PLAINTEXT > Plain connections
This can be done by using the Ambari console > Kafka > configs > Kafka Broker . A fter that, search for listeners and make sure either one or both protocols are enabled.
PLAINTEXT security protocol
Go to your Windows machine and download the apache Kafka software.
It is recommended to download the same version that it's running in your HDP/HDF cluster. Select the "Scala 2.12" link to avoid exceptions while running the Kafka clients.
Extract the content of this folder in a preferred location in the Windows host.
While connecting to Kafka through PLAINTEXT listener, Kafka does not have a way to identify you as a user. Hence, add Kafka ACLs and give permissions to ANONYMOUS users. To achieve this run the following command as a Kafka user in one of the Kafka brokers: /usr/hd<p/f>/current/kafka-broker/bin/kafka-acls.sh --authorizer-properties zookeeper.connect=<zkHost>:<zkPort> --add --allow-principal User:ANONYMOUS --operation All --topic=* --group=* --cluster The above command will give all permissions to the anonymous user in Kafka, change the topic and group to specific ones if required.

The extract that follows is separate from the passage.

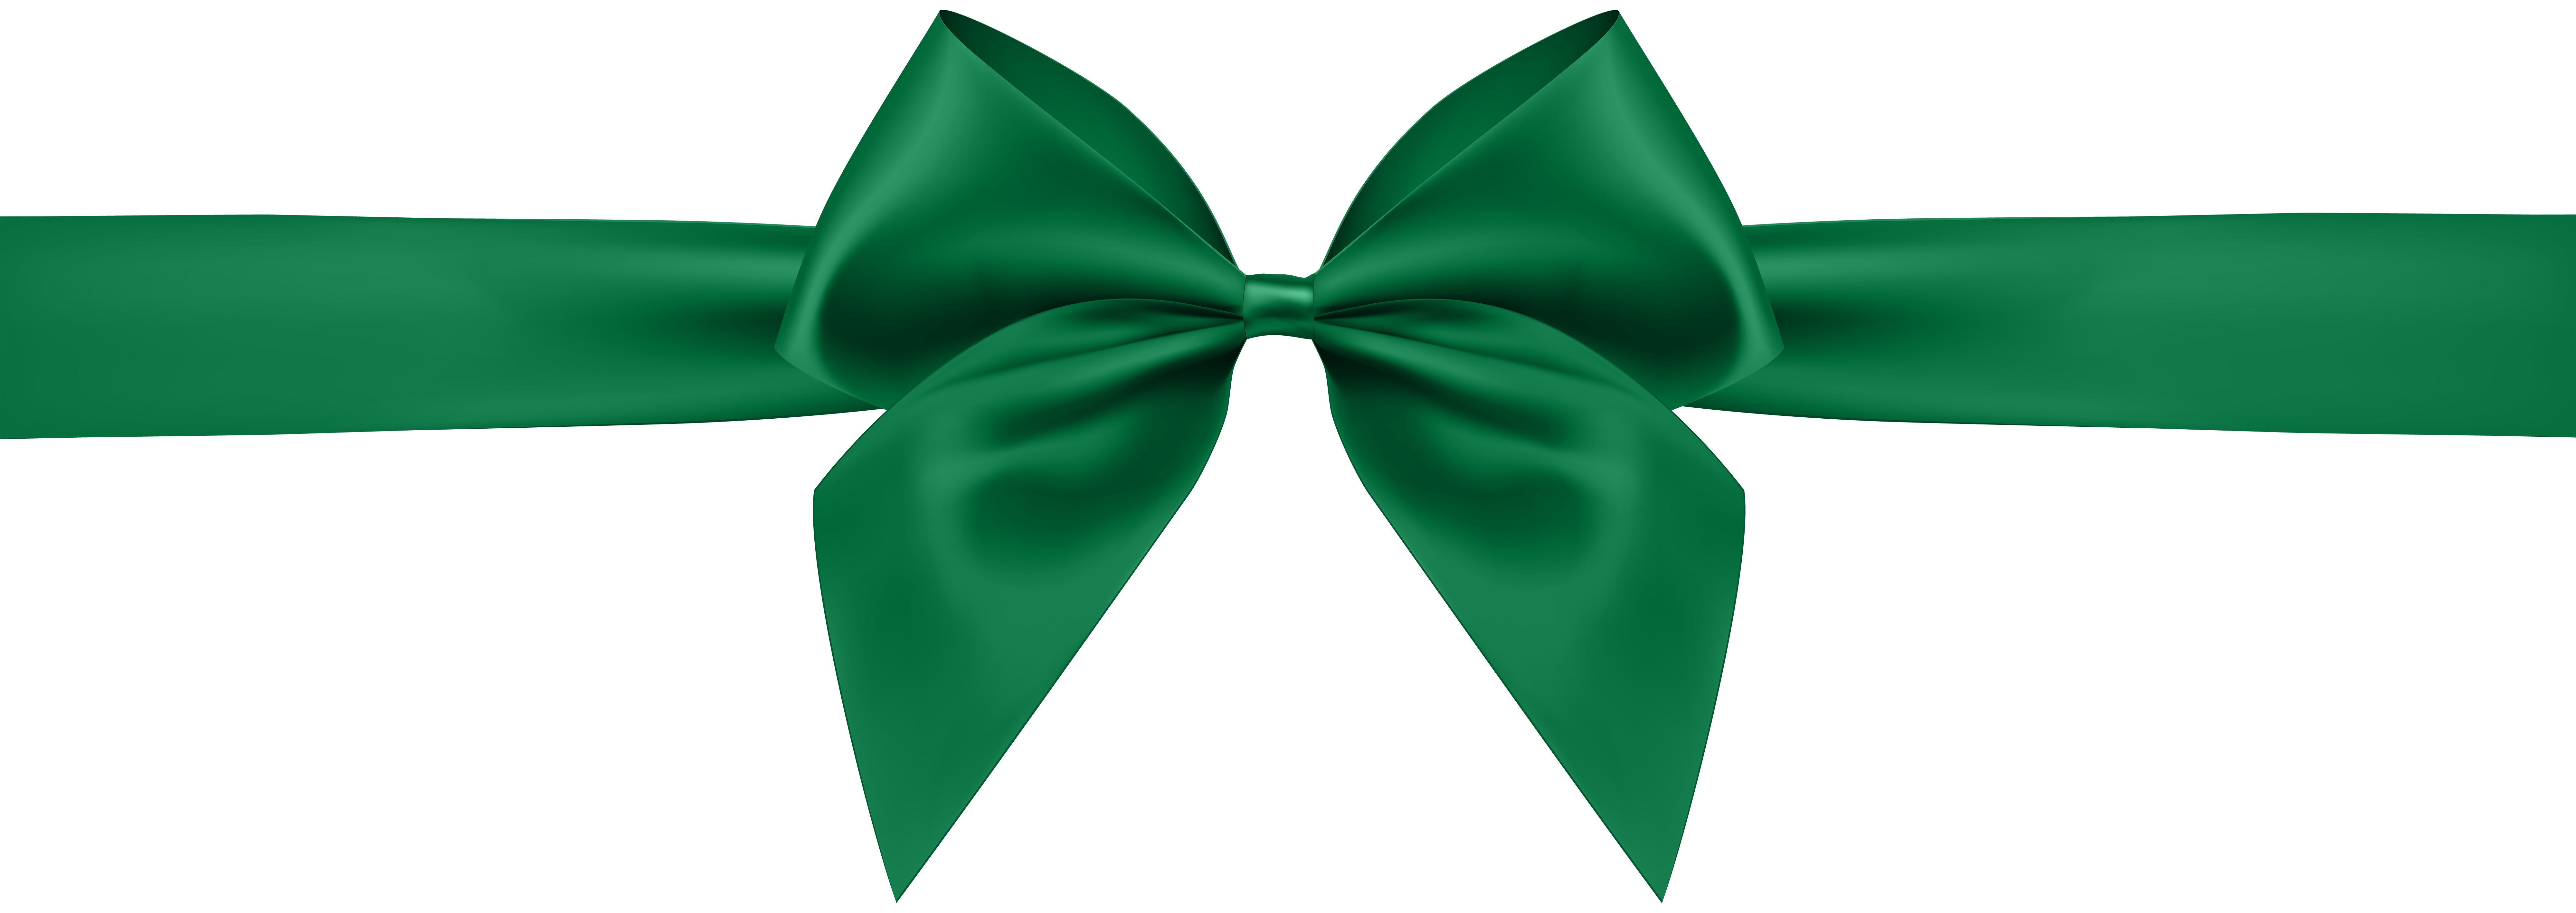 Transparent clip art image. Clipart bow light green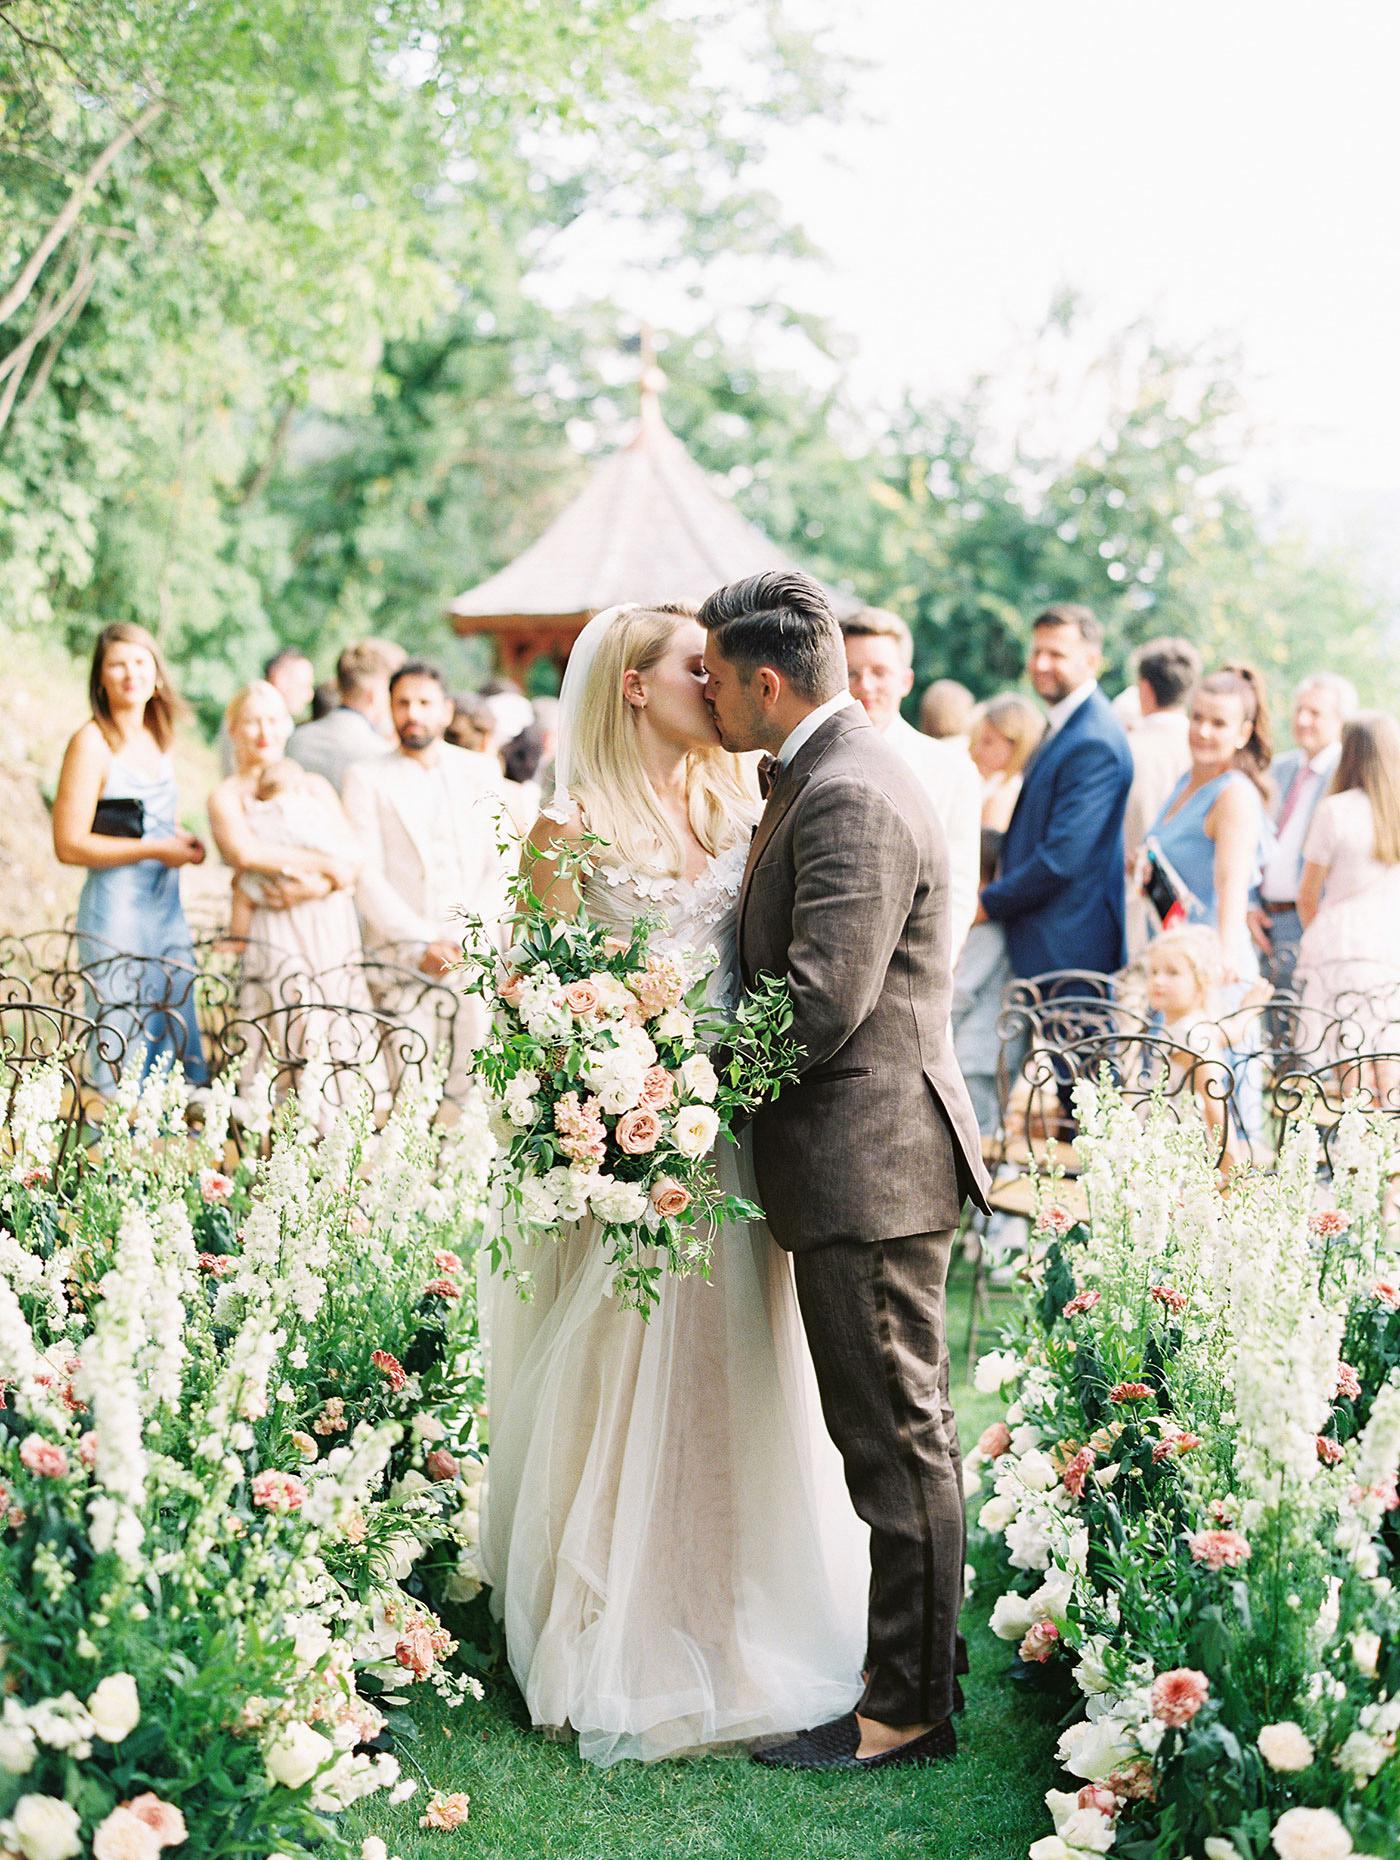 julia franz wedding couple kiss

In a Kafka host, create a new test topic or use an existing one. To create a new topic, run the following command with the Kafka user: kafka-topics --create --topic <topicName> --partitions <N of partitions> --replication-factor <N of replicas> --zookeeper <zkHost>:<zkPort>
When adding anonymous user permissions, go to our Windows Machine and navigate to the following Kafka folder: Note: This step assumes that we already have connectivity to the brokers and the firewall and DNS (if any) are configured properly. C:\<preferred location>\kafka_<version>\bin\windows
In this folder, there is a list of .bat files, similar to the ones in Linux hosts with .sh extension. In order to run .bat producer, use the following command: C:\<preferred location>\kafka_<version>\bin\windows\bin\kafka-console-producer.bat --broker-list <brokerHost>:<brokerPort> --topic <topicName>
To run a consumer, please run the following command: C:\<preferred location>\kafka_<version>\bin\windows\bin\kafka-console-consumer.bat --bootstrap-server <brokerHost>:<brokerPort> --topic <topicName> --from-beginning
Run the clients using Kerberos (SASL_PLAINTEXT)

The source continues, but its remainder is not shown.